KindLM vs Promptfoo vs Custom Scripts

Three common approaches to testing AI agents. Here's when to use each.

The short version

	KindLM	Promptfoo	Custom scripts
Best for	Agent behavior regression	Prompt evaluation & red-teaming	One-off checks
Tests what	Tool calls, arguments, sequences	Output quality, safety, cost	Whatever you write
Config format	YAML	YAML	Code
CI integration	JUnit XML, exit codes	JUnit XML, exit codes	Manual
Learning curve	Low (YAML only)	Low-medium	Depends on you
Maintenance cost	Low	Low	High (you own it all)

When to use KindLM

Your agent calls tools. You need to verify it calls the right tools with the right arguments in the right order — and doesn't call tools it shouldn't.

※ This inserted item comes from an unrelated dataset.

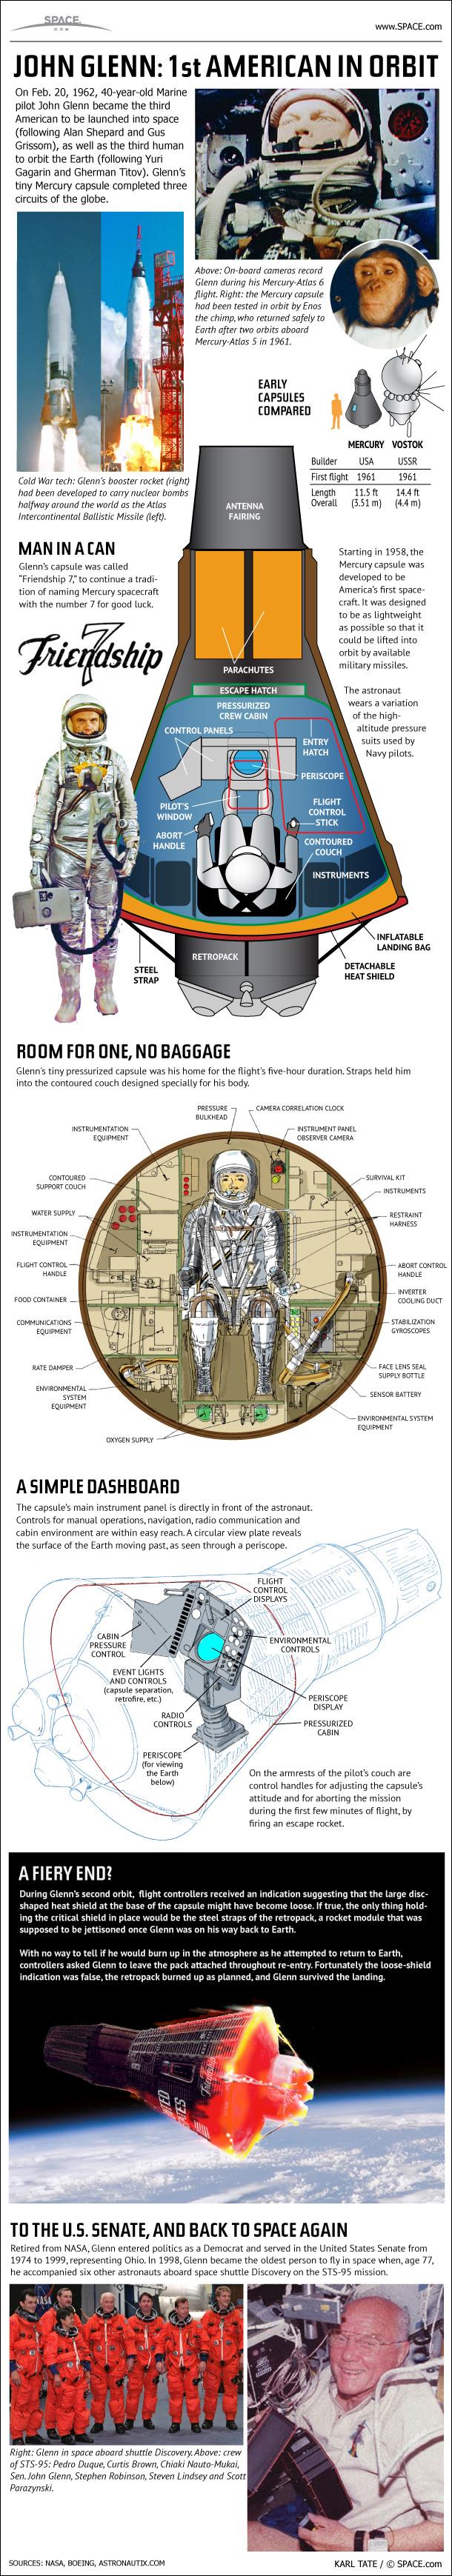 1st American in Orbit: How John Glenn (And NASA) Made History (Infographic)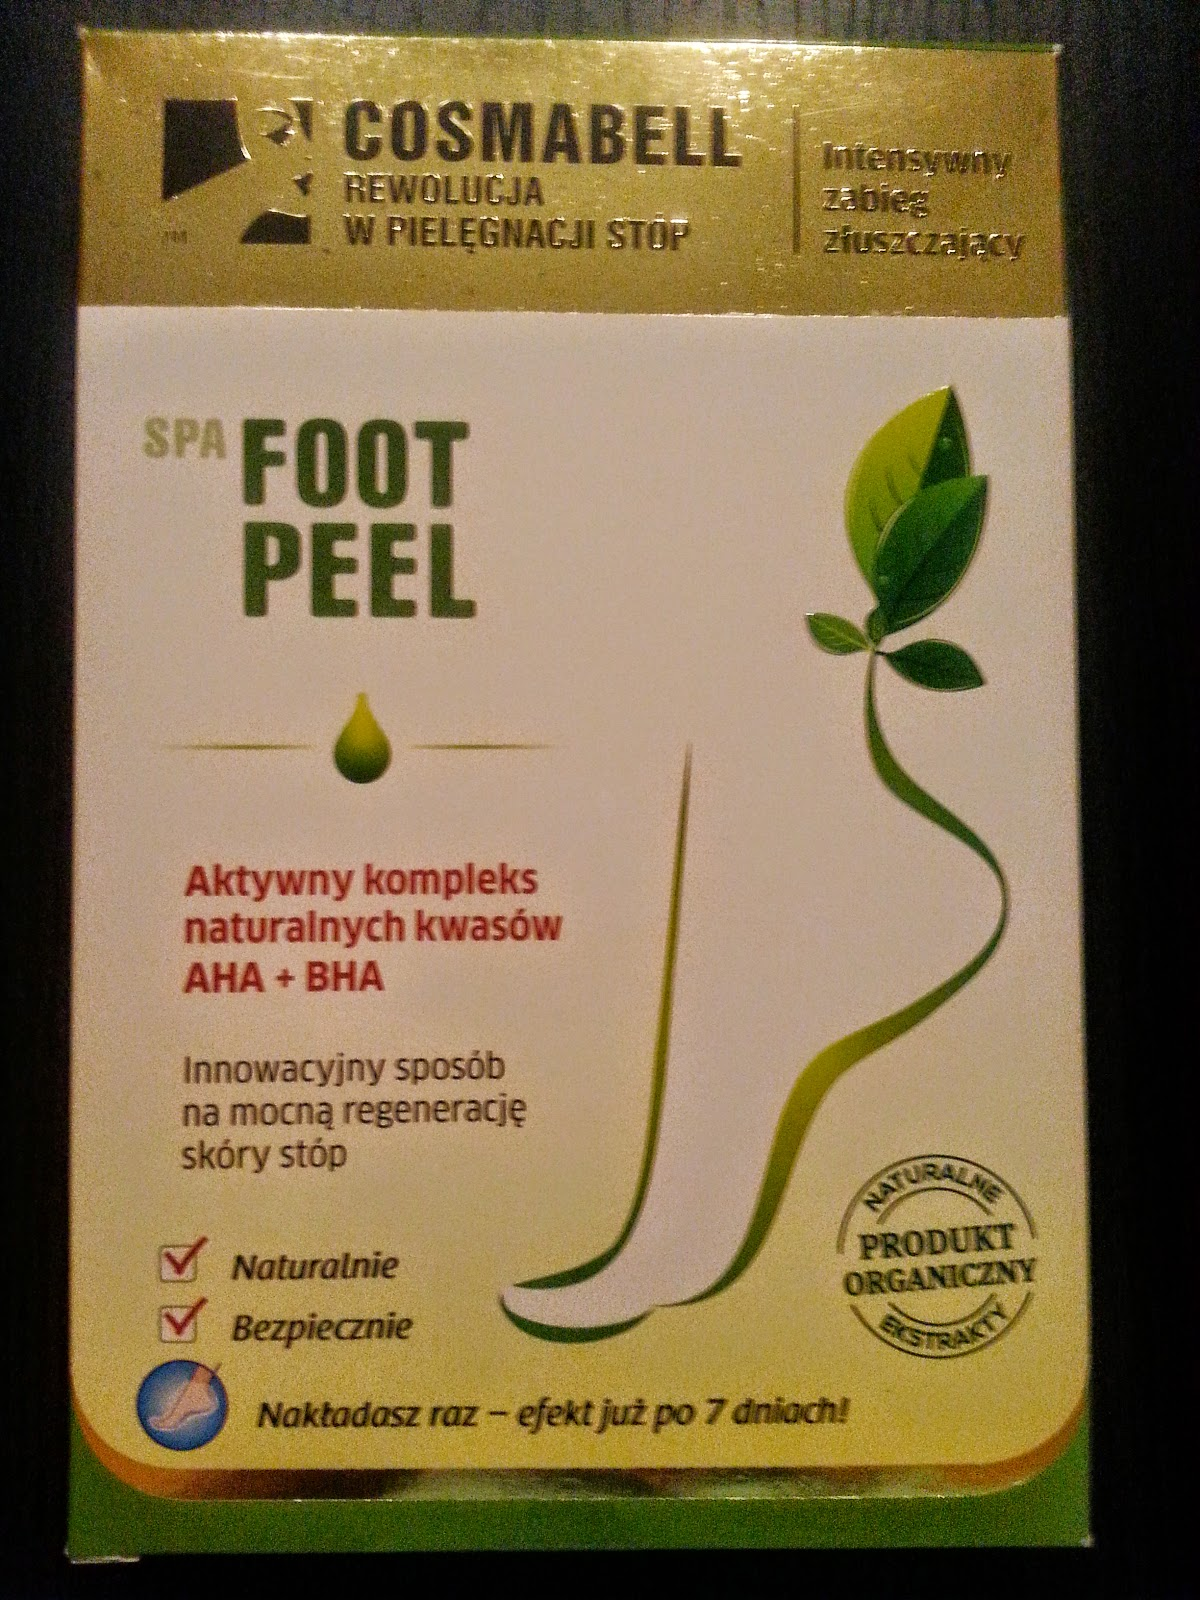 SPA FOOT PEEL marki COSMABELL, czyli skarpetki peelingujące

KindLM was built for this. One YAML block:

expect:
  toolCalls:
    - tool: "lookup_order"
      argsMatch: { order_id: "123" }
    - tool: "process_refund"
      shouldNotCall: true

You also get PII detection, keyword guardrails, LLM-as-judge scoring, schema validation, and baseline drift comparison — all declarative, no code.

Choose KindLM when:

Your agent makes tool calls or function calls
You need regression tests that run in CI on every push
You want to catch behavior changes (not just output quality changes)
You need EU AI Act compliance documentation
You want zero-code test definitions that any engineer can read

When to use Promptfoo

You're evaluating prompt quality across models, running adversarial red-teaming, or comparing cost/latency tradeoffs across providers.

Promptfoo has a broader evaluation focus: it can run hundreds of prompt variants, score them with custom graders, and generate comparison reports. It has a strong plugin ecosystem and a web UI for exploring results.

Choose Promptfoo when:

You're optimizing prompts (A/B testing wording, system prompts, few-shot examples)
You need adversarial testing and red-teaming at scale
You want a visual comparison UI for evaluating model outputs
You need custom grading functions in JavaScript

When both make sense

Many teams use both:

Promptfoo during prompt development — evaluate quality, compare models, run red teams
KindLM in CI — regression tests that gate deploys based on agent behavior

They test different things. Promptfoo answers "which prompt is better?" KindLM answers "did the agent break?"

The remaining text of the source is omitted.